In further analyses we considered only SNPs with major allele frequency in the population less than 0.8. As a result, we obtained 4,437 SNPs aligned and 2,669 SNPs not aligned to the sorghum genome, making a total 7,106 SNPs, with determined alleles in at least 120 plants (Figure 1D). Eleven plants were excluded for further mapping analyses as they contained unknown alleles of most SNPs. In both aligned and de novo SNPs the most frequent allele variations were complementary pairs of mutations A/G and C/T, which occurred about twice more than the next allele pair, C/G.
Marker segregation analyses
The SNP markers were then coded for JoinMap and 5,600 out of the 7,106 SNPs were selected for segregation and mapping analyses. More heterozygous markers were identified in the female than in the male. Of the 5,600 markers, 2,574 (46%) were heterozygous only in the female; 1,468 (26%) only in the male; and 1,558 (28%) were heterozygous in both parents. Chi-square tests indicated that 54% (1,394 out of 2,574) of the female markers and 49% (715 out of 1,468) of the male markers showed segregation distortion (goodness-of-fit ratio 1∶1, α = 0.05), as did 69% (1,078 out of 1,558) of the female and male common markers (goodness-of-fit ratio 1∶2∶1, α = 0.05). Thus, markers that were heterozygous in both parents tended to be more distorted in allele transmission than when heterozygous in only one of the parents.
Linkage mapping
The coded data were first used to create parental maps using two JoinMap populations, one using markers segregating in the female, and the other in the male [29], [32], [33]. The markers that were heterozygous in both parents were used in both parental maps and served as common markers to match homologous linkages between the two. As expected, 19 linkage groups were identified for each parent.
For linkage mapping, framework maps of both parents were created first with no (p<0.05) segregation distorted markers, and used for homologous identification and structural comparisons between the two parental maps. One-to-one homologous relation was confirmed using markers common between the 19 linkage groups of the female and the 19 linkage groups of the male. In addition, good collinearities were observed and no obvious structural heterogeneities were seen between homologous framework maps of the two parents.
Then, segregation distorted markers were added to the framework maps by attempting different LOD statistics and/or different numbers of markers. The final maps selected were usually the ones having the best collinearities with the framework maps. Since the female had more heterozygous markers than the male, the number of markers mapped in each female linkage was generally more than that in the corresponding linkage of the male (Table 1).
Since there were no obvious structural heterogeneities between the female and male maps, a composite map containing both female and male markers was created to facilitate future QTL mapping of the population.
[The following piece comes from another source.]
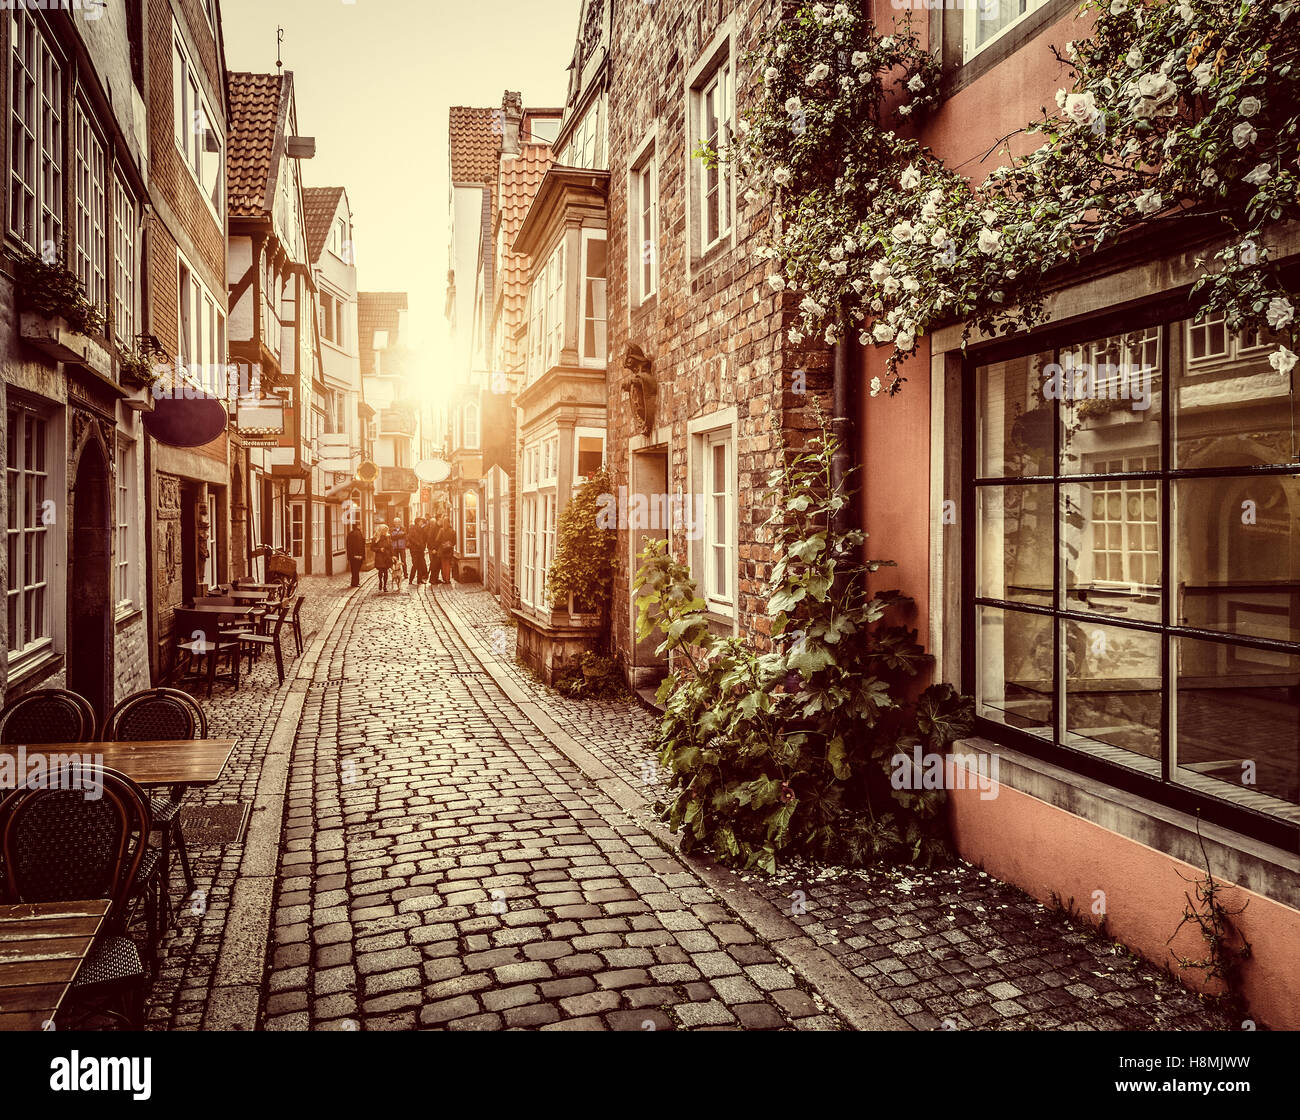 Bezaubernde Straßenszene in eine alte Stadt in Europa bei Sonnenuntergang mit Pastell getönt Retro-Vintage-Filter und Objektiv-Flare-Sonnenlicht-Effekt Stockfoto

The composite mapping was done with an independent JoinMap mapping population by simultaneous analysis of all polymorphic markers from both parents. Again, 19 linkage groups were formed and framework maps without segregation distorted markers were created first. Comparisons between the composite and the two parental framework linkages showed perfectly collinear marker order agreements for all 19 linkage groups, indicating good integration of the two parental linkages by the simultaneous mapping analysis.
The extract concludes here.